Abou Hanifa à dit que dans tous les cas la condition du « Waly » n’est pas indispensable, à condition que la personne avec qui la femme veut se marier est pieuse et compétente. Il considère tous les hadiths parlant du « Waly » comme se rapportant à la femme non adulte. Il s’est appuyé à ce sujet sur l’analogie par rapport au fait que, dans le commerce il est permit pour la femme de vendre sans la permission de son « Waly », et en se basant sur une règle de Fiqh -trop compliquée pour moi pour vous l’expliquer- admise…

Mais comme le dit Al ‘asqalani le hadith de Ma’qal (RA) anéantit (désolé pour le mot nous n’avons pas trouver mieux) cette analogie et prouve l’obligation du « Waly ». Ibn Kathir rapporte dans son « Tafsir » un hadith dans lequel le Prophète(paix sur lui) a dit:

« Une femme ne peut marier une autre femme,et une femme ne peut se marier d’elle même,c’est la fornicatrice qui se marie d’elle même. »

Et ALLAH est le plus savant.

Wa ‘alaykoumou sallamou wa rahmatoullahi wa barakatouhou.


Réponse de P.M.:

Bismillâhir Rahmânil Rahîm

Assalâmoualaykoum wa rahmatoullâhi wa barakâtouh

Cher frère,

Le fait que Ibné Hadjar r.a. n’ait cité comme argument en faveur de l’Imâm Abou Hanîfah r.a. qu’un seul raisonnement analogique ne signifie pas pour autant que c’est le seul argument que ce dernier possède.

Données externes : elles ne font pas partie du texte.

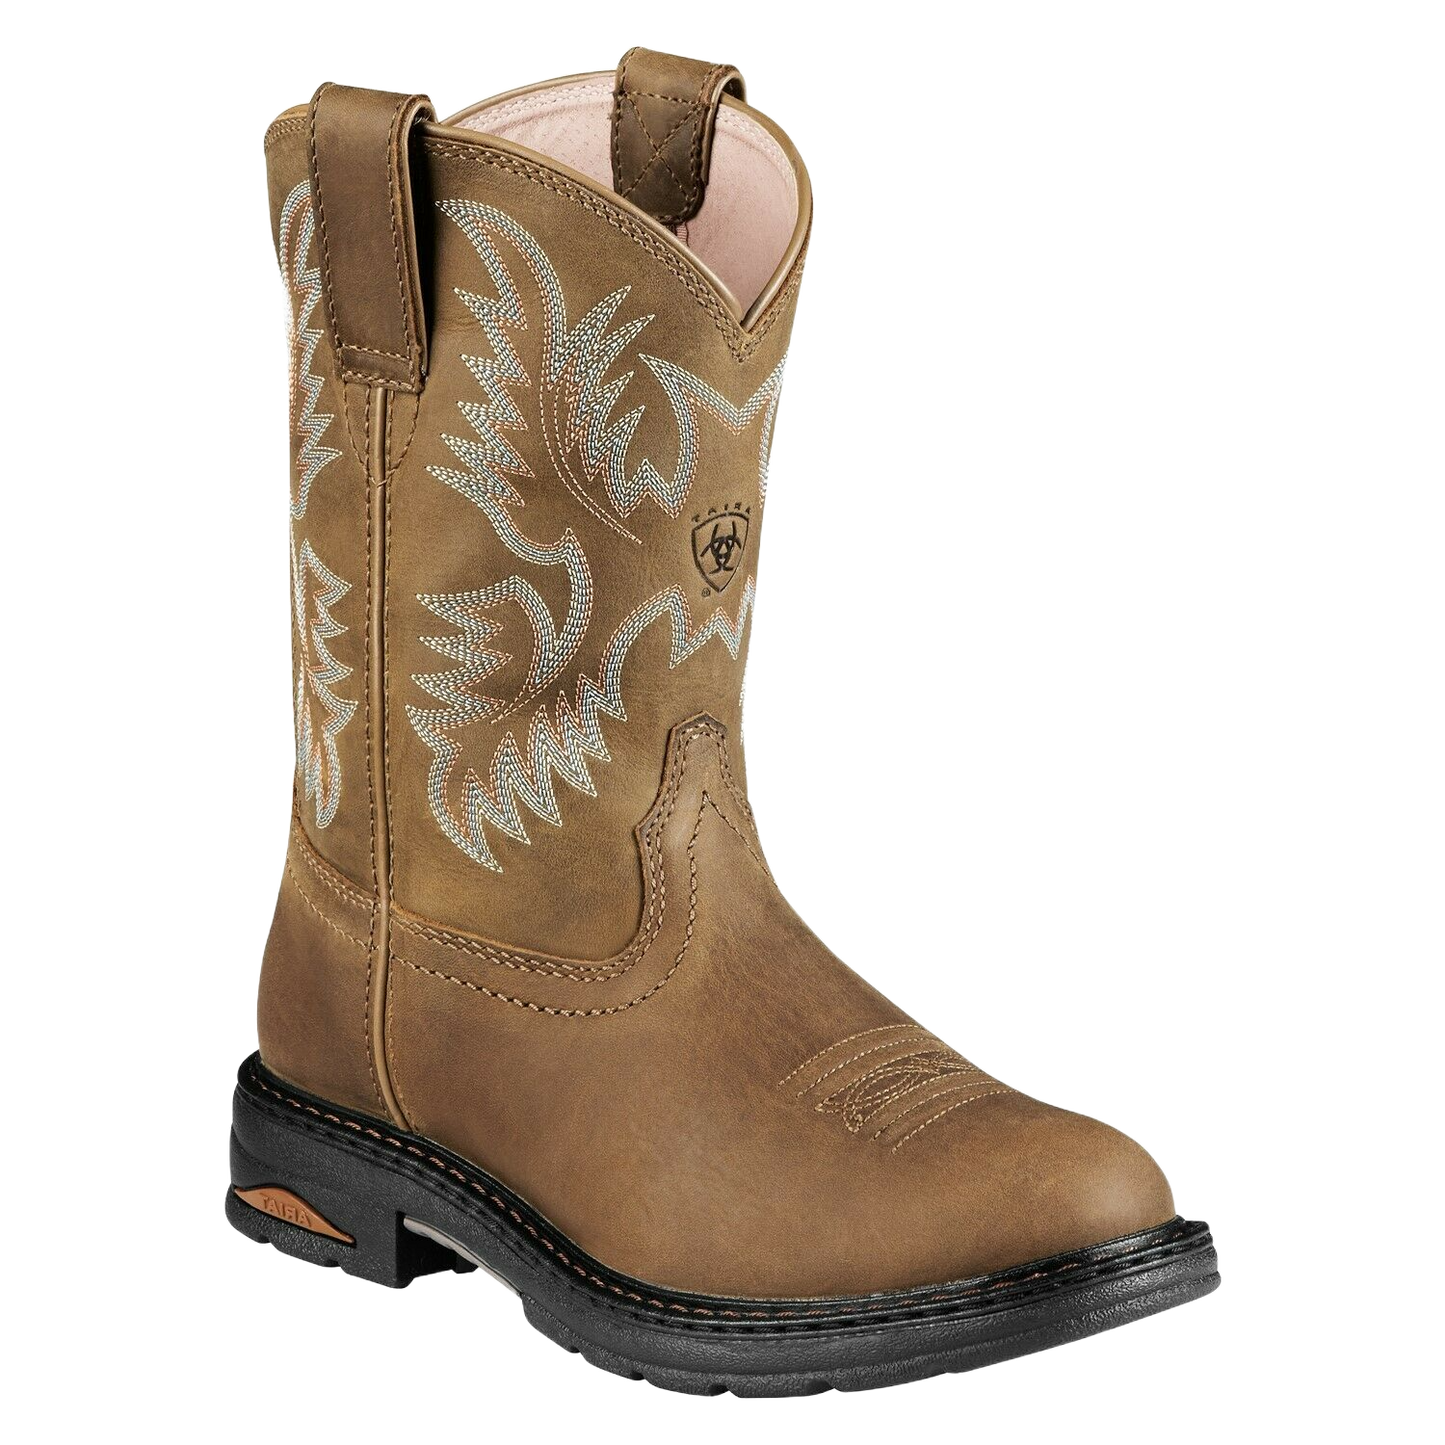 Ariat® Ladies Tracey Composite Toe Dusted Brown Work Boot 10008634

Comme je l’ai répété en maintes fois, sur ce point précis, il y a des versets du Qour’aane et des Hadiths qui sont utilisés comme preuves pour confirmer son avis. Dans ce présent message, je vais donc en citer quelques uns.

1- Aussi étonnant que cela puisse paraître, le premier argument utilisé par Aboû Hanîfah r.a. est le même verset du Qour’aane que celui à partir duquel les autres savants ont déduit que la femme n’a pas le droit de se marier sans la présence de son « Waliy » (responsable), à savoir:

« Et quand vous divorcez d’avec vos épouses, et que leur délai expire, alors ne les empêchez pas de se marier (à nouveau) avec leurs (ex-) époux, s’ils s’agréent l’un l’autre, et conformément à la bienséance. »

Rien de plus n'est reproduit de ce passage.